A similar situation developed in People v Kramer. Because Kramer was past-due three months with his rent, his landlord entered Kramer's apartment and noticed marijuana plants within. Upon arrival, the police were immediately taken to the apartment; subsequently, Kramer was arrested. The appellate court ruled that the police only assumed the landlord had legal access to the apartment. Since landlords cannot usually assent to a search of a tenant's property, the police officers' assumption was a mistake -- a mistake of not gathering enough facts. The court warned that "police officers may not always accept an invitation to enter premises. Even if the consenter claims to live on the premises, the officers must make further inquiry if the surrounding circumstances would raise a doubt of that claim."

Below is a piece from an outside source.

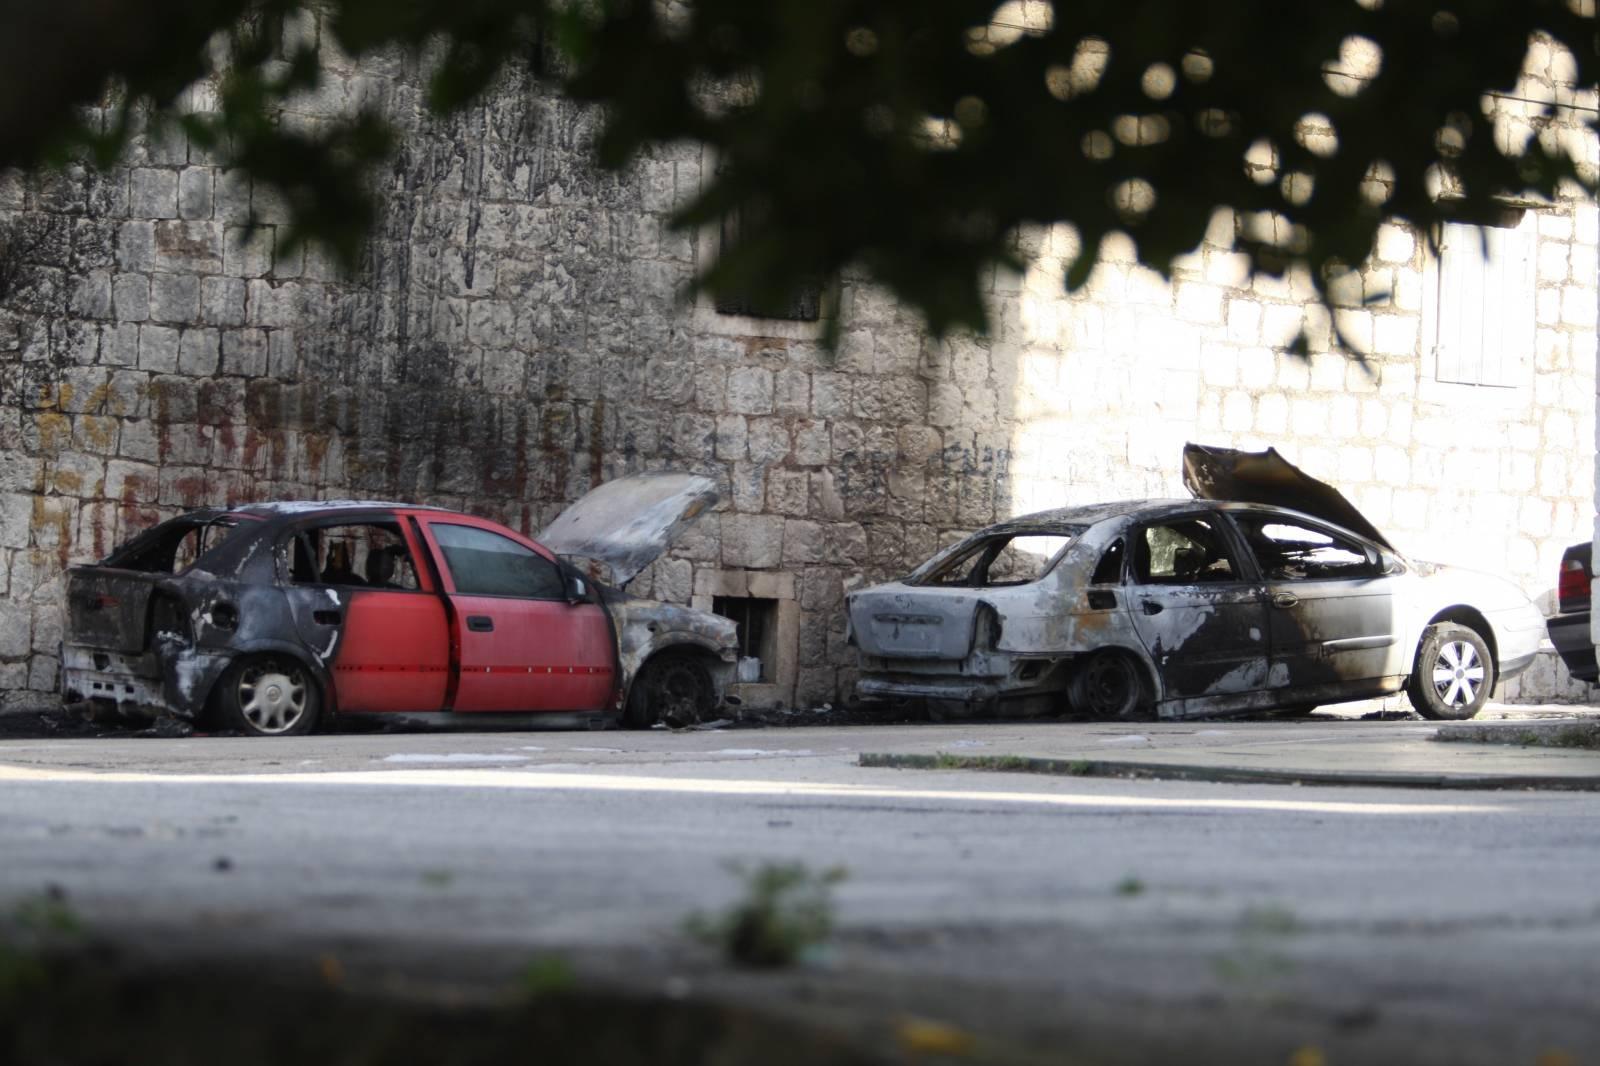 Nedaleko od pošte u Kaštel Sućurcu u potpunosti izgorjela dva automobila
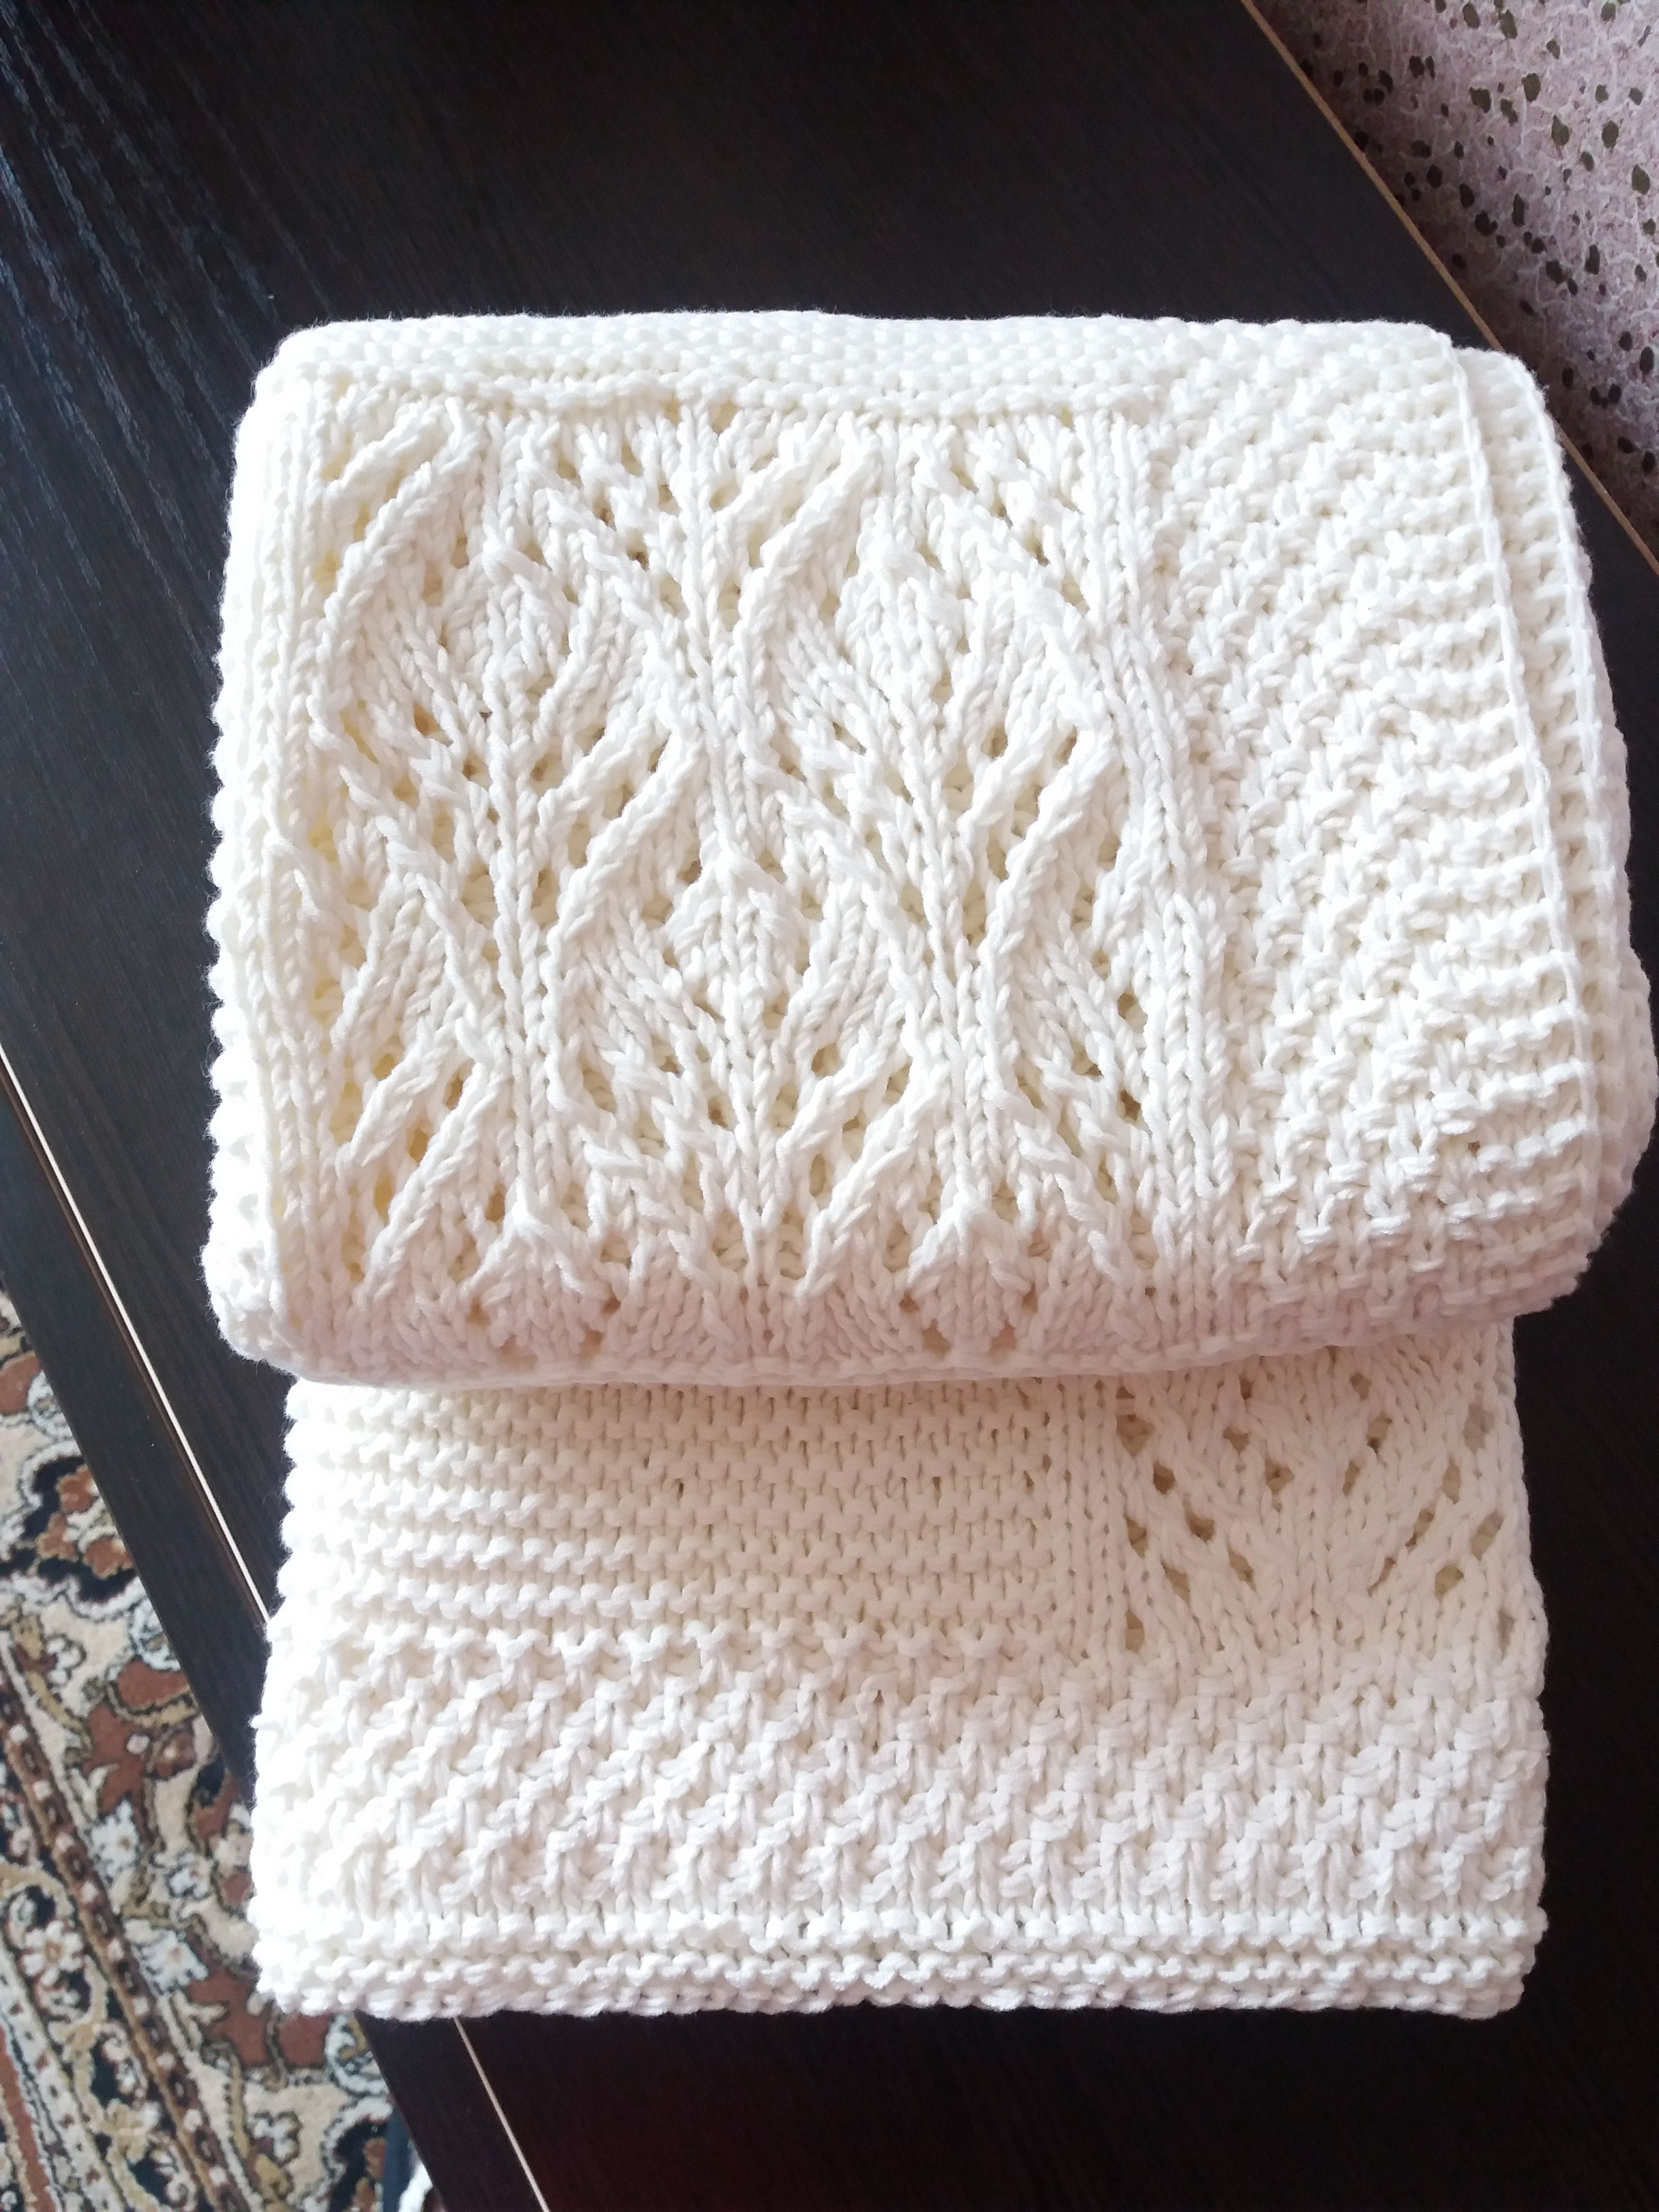 madebynika ручнаяработа handmade вязание изхлопка пледвязаный назаказ спицами новорожденным плед длядетей подзаказ

Search and seizure is a powerful tool for law enforcement but one that any person would take as a personal affront. Law enforcement personnel must be educated with the legal and illegal procedures of this investigatory process for the legislature views this intrusive method seriously. In 1995, a measure was introduced to the House of Representatives that would provide the Fourth Amendment with an addition regarding search and seizure. This bill would have allowed unlawfully seized evidence to be considered in court if police had a reasonable belief that they were acting legally. The bill was rejected with a vote of 303 to 121.

Search and seizure of the individual and of the automobile is a complex issue in which the rules seem to change often. The United States Supreme Court decisions involving the Fourth Amendment purport to guide police conduct. Notwithstanding, the police should accept the Court's determinations as a learning tool and continually educate themselves.

lincolnsgrandson

  • Sr. Citizen
  • ****
  • Posts: 160
    • View Profile
    • Email
Re: HELP- Search and seizure question
« Reply #8 on: October 17, 2005, 10:19:51 PM »
The purpose of the question, if it were on a crim pro exam, is to ask whether their "shack" was a home for purposes of the Fourth Amendment (it's probably not, but you'd have to look more carefully at the case law). If so, the search must be pursuant to a warrant supported by probable cause. 
If it's a home, and they don't have a warrant, they only way to justify a warrantless search is by exigent circumstances.  That justification fails.  They can't get rid of the dope in their shack, right?